1. Is it the right focal length.

2. Do you have certain aperture requirements as determined by your shooting needs - i.e. do you need 2.8, 2.0, 1.8 or 1.4 apertures? Is 4.0 good enough for what you want to shoot?

3. Vignetting and barrel distortion and CA - these are often the problems that show up at wide or long end on lower end lenses. Even when sharrpness may be there these other things creep in. So, if wide is important to you, you want to find out how well the lens performs at 17mm, not at 24mm. The wide end and long end and wide open are where the better lenses usually seperate themselves from the other cheaper lenses. Stopped down and in the middle of the focal range you're not likely to notice many differences between lenses

4. Focus speed - if it's important to you. Sometimes it's not important so no need to obsess over it. Sometimes it is - and it can be worth spending extra $$$. As an example, Canon's 85mm 1.8 lens focuses faster than the original 85mm 1.2 - even though the 1.2 has a wider aperture and both are technically USM (different type of USM). So, if shallow DOF was the most important aspect, the 1.2 is a better lens but if focus speed is important the 1.8 is the better lens.

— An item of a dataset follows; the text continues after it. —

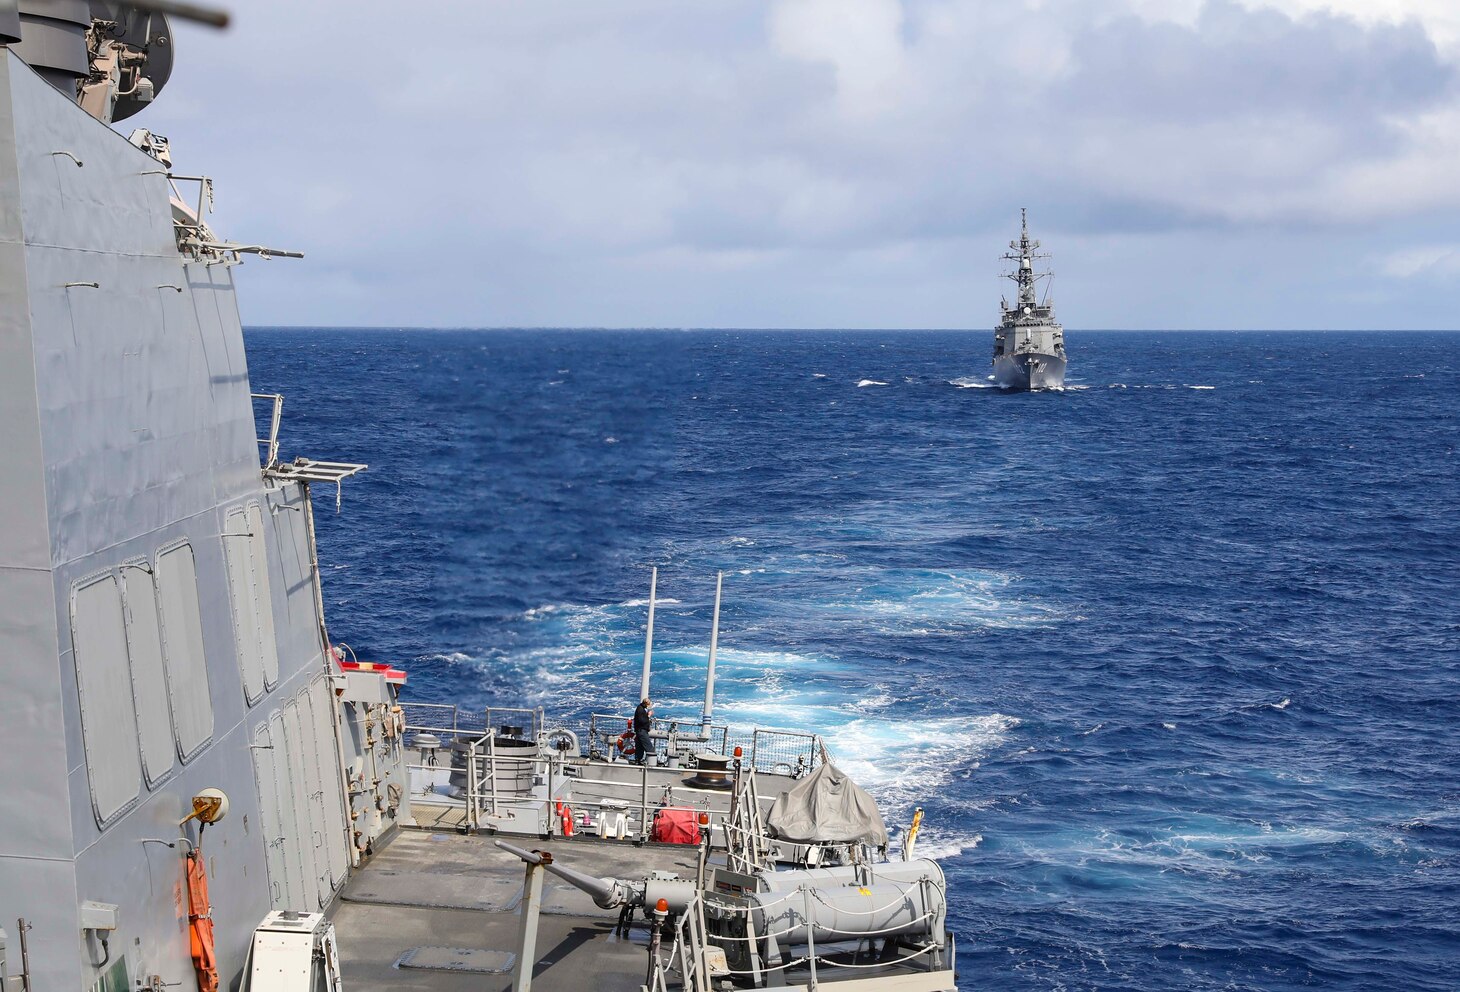 The Arleigh Burke-class guided-missile destroyer USS Benfold (DDG 65) sails in formation with the Japan Maritime Self-Defense Force missile destroyer JS Harusame (DD 102) during the annual U.S.-Japan Bilateral Advanced Warfighting Training Exercise.

5. ROI (return on investment) - As Nymphetamine pointed out - most of us have to weigh the costs against the gains. When I originally bought a 70-200 2.8 lens, I chose to buy the less expensive Sigma version - it was $400 less than the Canon version and, IMO, provided 90-95% of the quality of the Canon. To me it wasn't worth the extra $400 to get that extra 5-10% The remaining money went towards a TC and a flash which IMO provided much more ROI than buying the single 70-200 2.8 lens. When I bought my 17-40, at the time there wasn't a good third party lens IMO. There are more now but they weren't available. The ones that were were not as good. When I needed a 300mm 2.8 lens for sports work I bought the Sigma 120-300 rather than the 300mm canon prime. It was half the cost and again provided 85-90% of the benefit. I again could not justify spending another $2,000 to get that extra benefit. The money saved allowed me to stay married :G

6. Do you ever intend to move off an aps-c sized camera? Canon currently has 3 different sensor sizes: full frame, 1.3 and 1.6. Certain lenses are designed to work only on the 1.6 cameras. If you ever move to one of the other sizes you have to sell your lenses and buy new ones. Many people have no intention of ever moving to one of the other sensor sizes. But some do - so that can be a factor in which lenses you buy.